(COLORADO SPRINGS) — Colorado Governor Jared Polis was in Colorado Springs on Friday, Sept. 26 to discuss the consequences families and businesses could face if Congress fails to extend the Enhanced Premium Tax Credit (EPTC).
Polis gathered small business owners, insurance experts, and health care leaders for a roundtable to discuss the effects on Americans’ healthcare premiums if Congress does not renew the EPTC by Sept. 30.
The Governor was joined by representatives from the Colorado Division of Insurance, Office of Economic Development and International Trade, Small Business Majority, Connect for Health Colorado, 413 Consulting, and other small businesses and health care providers who depend on the tax credit. Each shared how the expiration of the EPTC would increase costs, reduce coverage, and destabilize health care for working families and employers in El Paso County.
While the credits expire at the end of the year, experts say insurers will have to set premiums and marketplace customers will sign up for next year’s plans within a matter of weeks.
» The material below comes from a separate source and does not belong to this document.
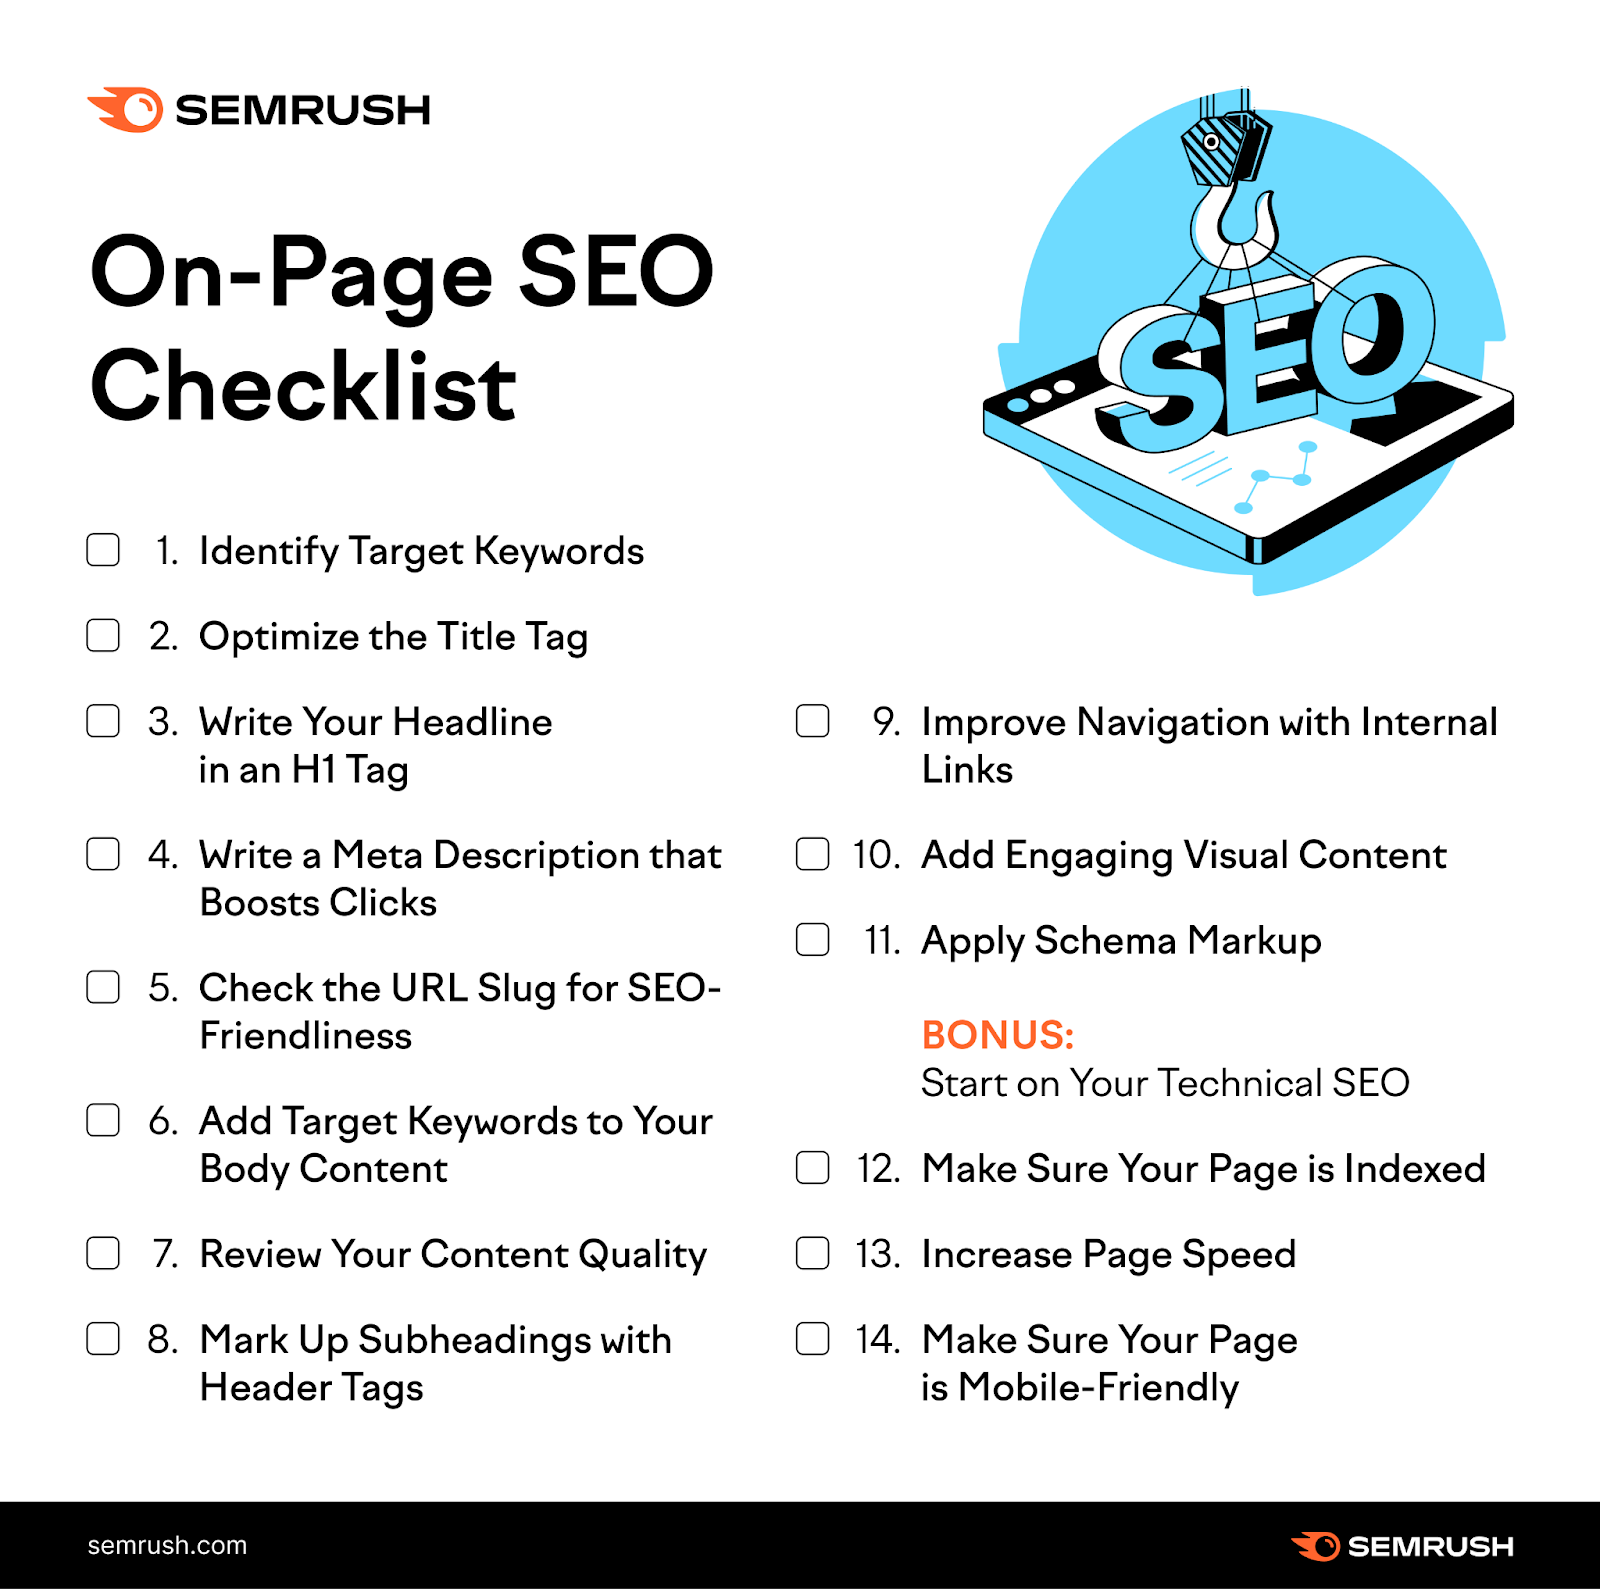 an infographic by Semrush "On-Page SEO Checklist"
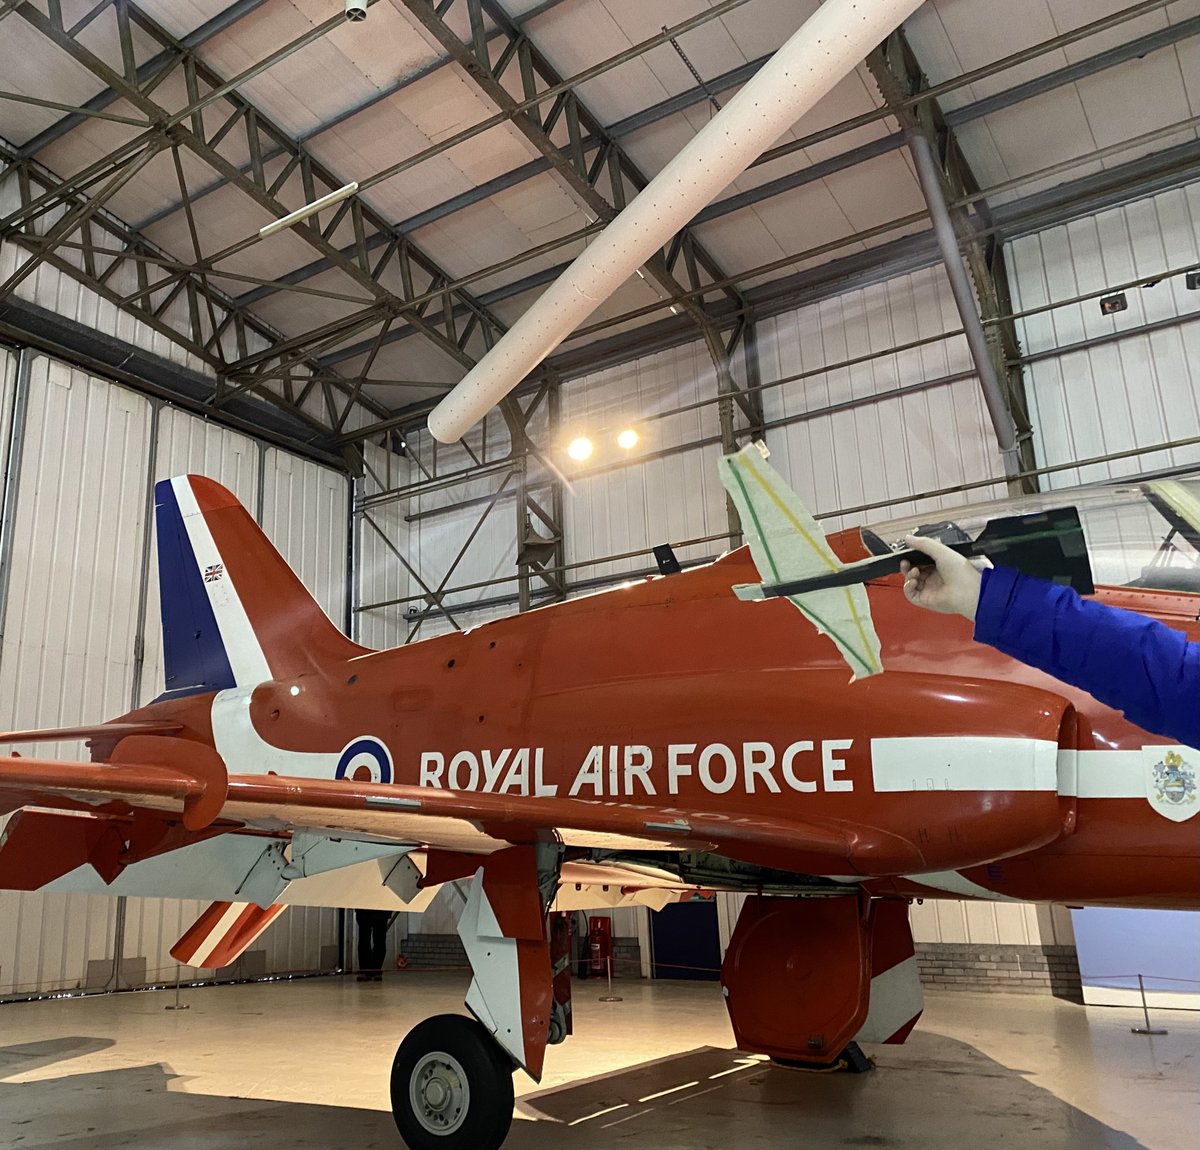 Mach 1. Mach 2. How fast can you fly? Join us at the National Museum of Flight for our Glider Technical Challenge this Spring Holiday as part of Edinburgh Science Festival. @EdSciFest #STEM #FlyingintotheFuture

Polis said Congress must act now, or people across America will be stuck with high insurance costs in 2026.
“We did take some action in the special session, but this is fundamentally a federal tax credit,” Polis said at the roundtable. “There’s nothing that the state can do to fully replicate this, we need this as a linchpin of what we can build off of. The state, of course, has a contingency plan, but… while it will blunt some of those insurance increases, it will still be very, very high.”
The Colorado Division of Insurance says families in El Paso County who get health coverage through the exchange could see premiums rise by 159% next year if the EPTC expires, with enrollment projected to drop by 27%.